Ranji's cricketing days were now behind him, but he found consolation in the success of his nephew Duleepsinhji, who by 1929 was playing, like Ranji before him, for Cambridge University and Sussex. Duleep was a more orthodox batsman than his uncle, but equally effective. Ranji was proud to be present at the second Test against the Australians in 1930, when Duleep scored 173 on the first day. As it happened, this innings was eclipsed by the young Don Bradman, who made 254, and Australia won the match comfortably. Bradman remarked that Duleep's off-driving was so powerful that, after fielding at cover and mid-off to him, he was obliged to get his hands bandaged. But, as with Ranji, Duleep's career was sadly cut short. His health broke down and he was unable to go on the 1932-3 tour of Australia (the infamous "bodyline tour"). His place was taken by another Indian nobleman, the Nawab of Pataudi, who duly maintained the tradition by scoring a century in his first Test.
Ranji's world, the world of the Indian princes, was changing beyond recall. The Montagu-Chelmsford Reforms opened up senior ranks in the Indian civil service to native Indians, and the aim of the British government was clearly to bring a degree of self-government in India. Ranji attended the Round Table Conference on the future of India, but so did Gandhi, who had abandoned his career as a barrister and now wore just a loincloth and cloak, and brought along a goat to supply him with milk. Winston Churchill was disgusted. Caught between the British moves towards democracy and Gandhi's call for a boycott of British goods, what place was there for the independent princes? None at all, it would seem. Ranji had always been a strong supporter of the British Empire in India, but in 1933, in his capacity as Chancellor of the Chamber of Princes, he had to endure a public rebuke from the Viceroy, Lord Willingdon. It saddened him very deeply. In the Second World War the Indian princes, unlike Gandhi's nationalists, gave their full support to the British war effort, but in 1947 Mountbatten forced them to merge their states in an independent India, whether they wanted it or not.

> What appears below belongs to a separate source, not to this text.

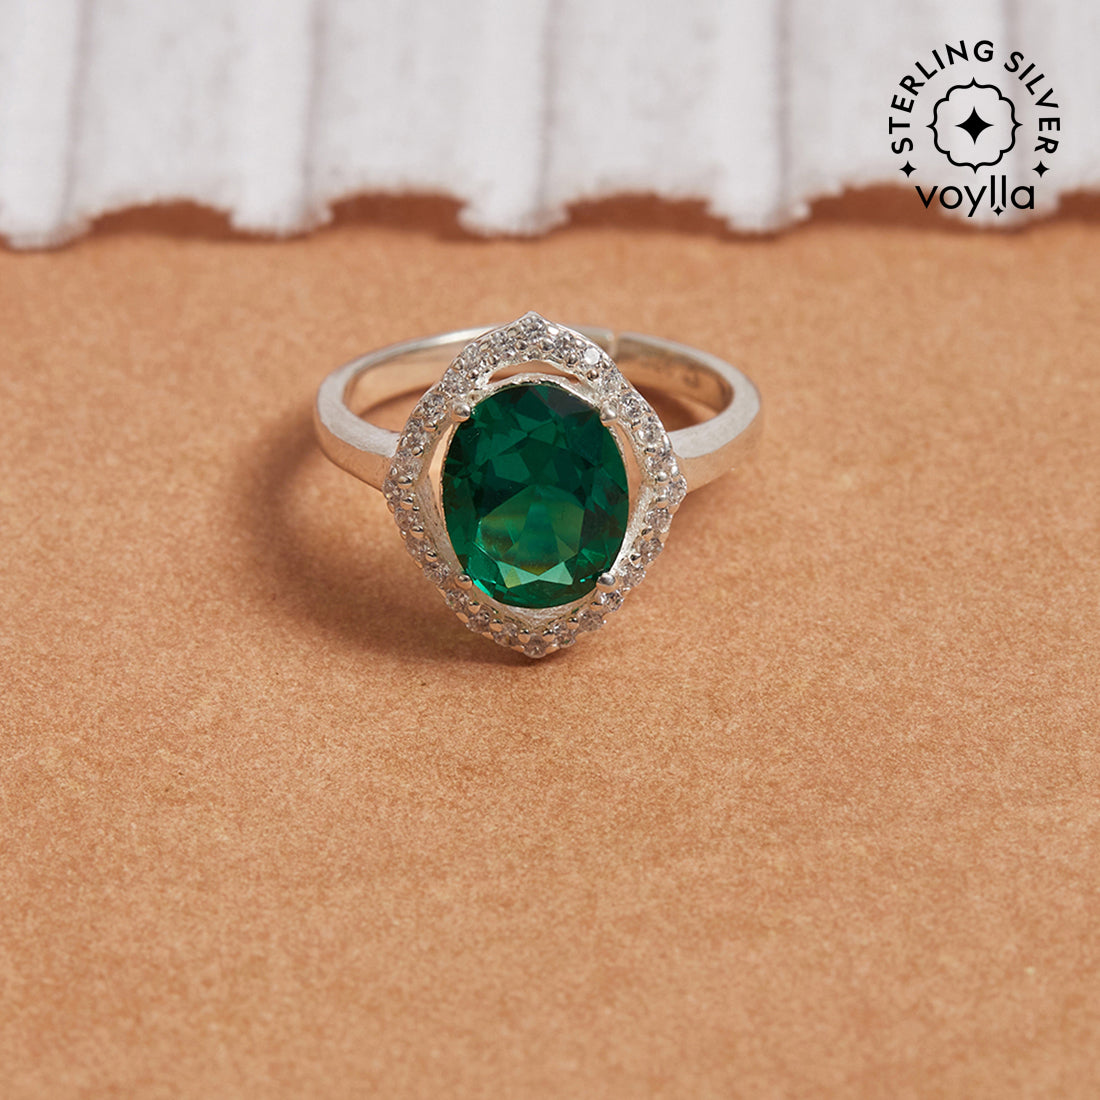 Natural Genuine Emerald Rings, 2 Carat Emerald Engagement rings, Silver  Rings | eBay
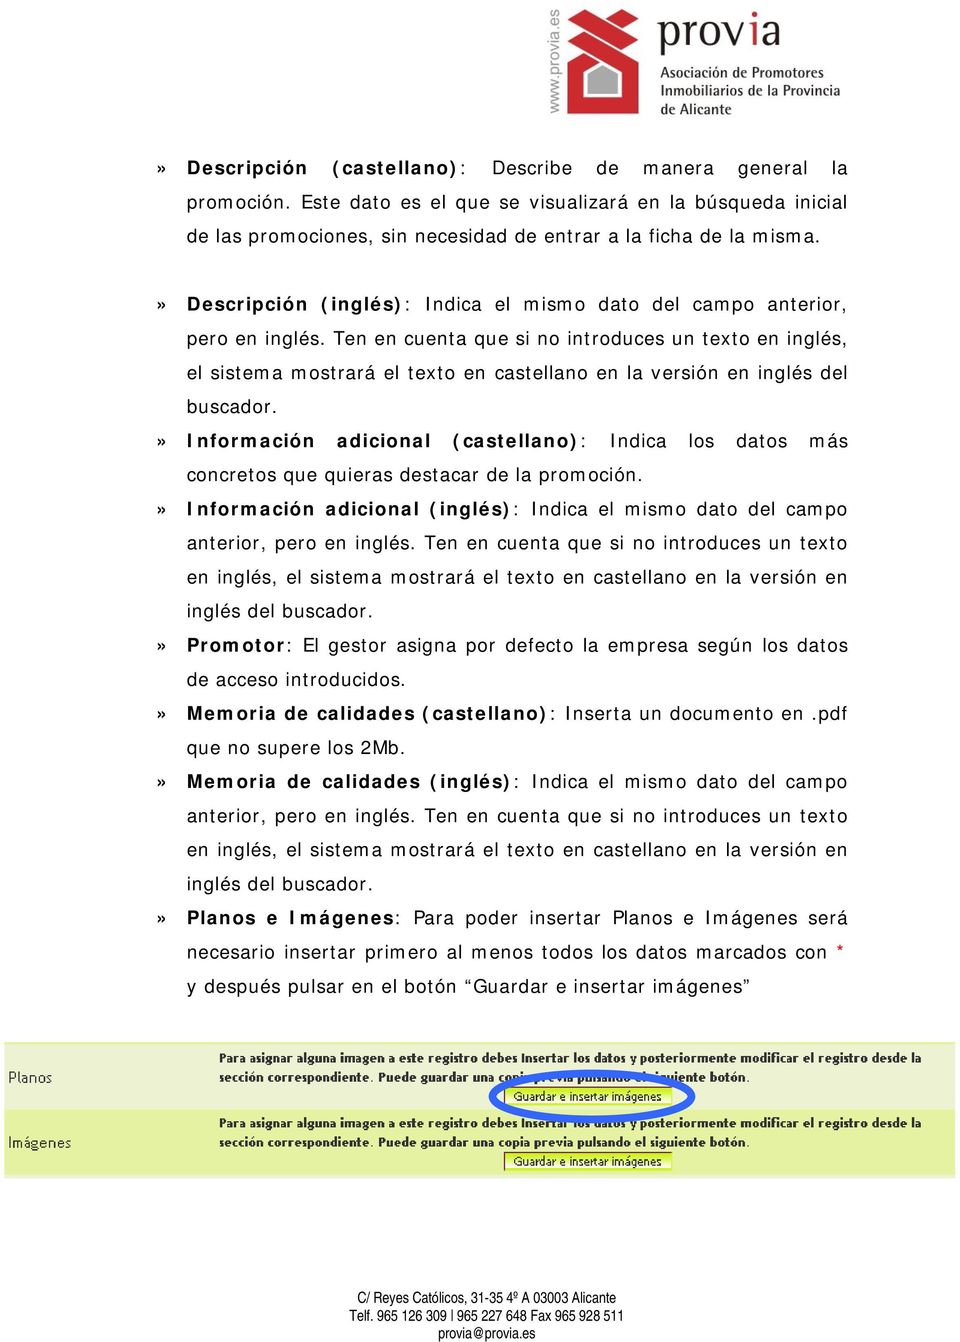 Ten en cuenta que si no introduces un texto en inglés, el sistema mostrará el texto en castellano en la versión en inglés del buscador.

Ranji did not live to see this. All his life he had suffered from asthma attacks and other respiratory problems, and in spring 1934 he fell seriously ill. After several days of violent coughing, he died on April 2nd. He was given lavish obituaries. The Ranji Trophy, the most prestigious contest in Indian cricket, is named after him.
Footnote.
C.B. Fry died in 1956, at the age of 84. In the 1930s he was puzzled by the career of Sir John Simon as Foreign Secretary and then as Lord Chancellor. "I knew him at Oxford, and I was much cleverer than him!" he complained. But Simon was making history while Fry was only been making runs.